The tender has been awarded to a consortium led by French multinational electric utility company, ENGIE, including Toyota Tsusho Corporation/Eurus Energy Holdings Corporation (40%) and Orascom Construction Limited (20%).

According to the French firm, the 250MW wind farm will commence construction at the end of 2017 with an expected completion timeline of 24 months.

Wind investment

The farm has secured an off taker under a 20-year Power Purchase Agreement (PPA) with the Egyptian Electricity Transmission Company (EETC).

Officials of ENGIE signing the BOO contract. Image source: ENGIE Group.

Bruno Bensasson, CEO of ENGIE Africa commented : “Egypt is a country which expects a strong power demand growth in the next years to accompany its economic and social development.” Read more…

The Gulf of SUEZ has an estimated cost of $400 million, where financing will be provided by the Japanese Bank for International Corporation (JBIC) in coordination with commercial lenders SMBC and Sociéte Générale, ENGIE noted.

The firm added that the Japanese Export Credit Agency, NEXI is providing an insurance cover for the commercial lenders.
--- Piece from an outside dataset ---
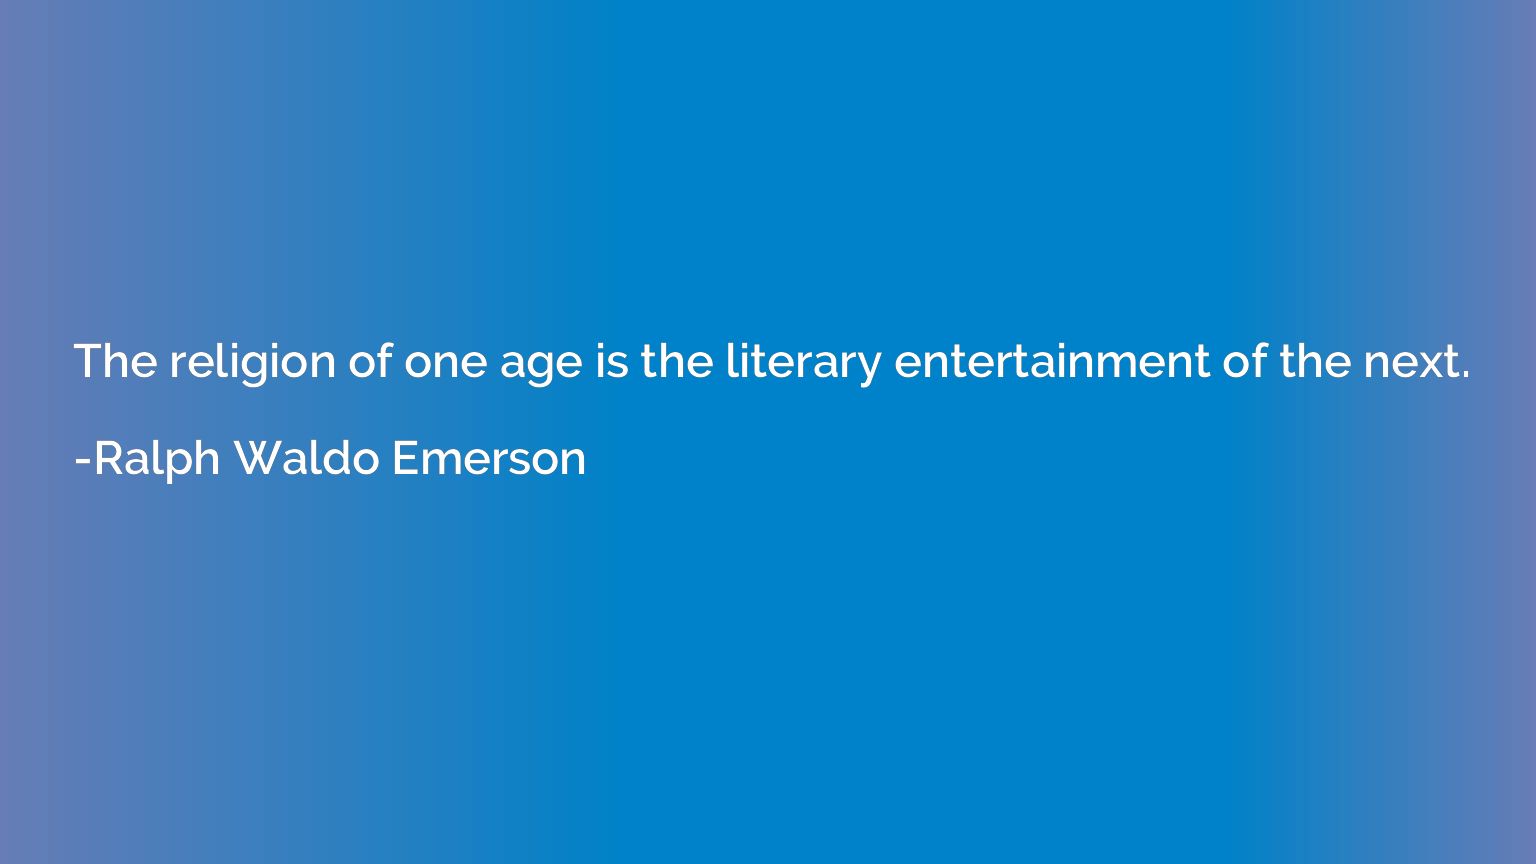 The religion of one age is the literary entertainment of the

Bensasson added: “Gulf of SUEZ is definitely proof that good regulation can bring foreign investment at a competitive price to the benefit of African countries. For our Group it is an opportunity to scale up our presence in a strategic country with a long-term contracted asset guaranteed by the government.”

The project forms part of the Egyptian government’s drive to increase the share of renewables in the energy mix with a target wind generation capacity of 7GW by 2022.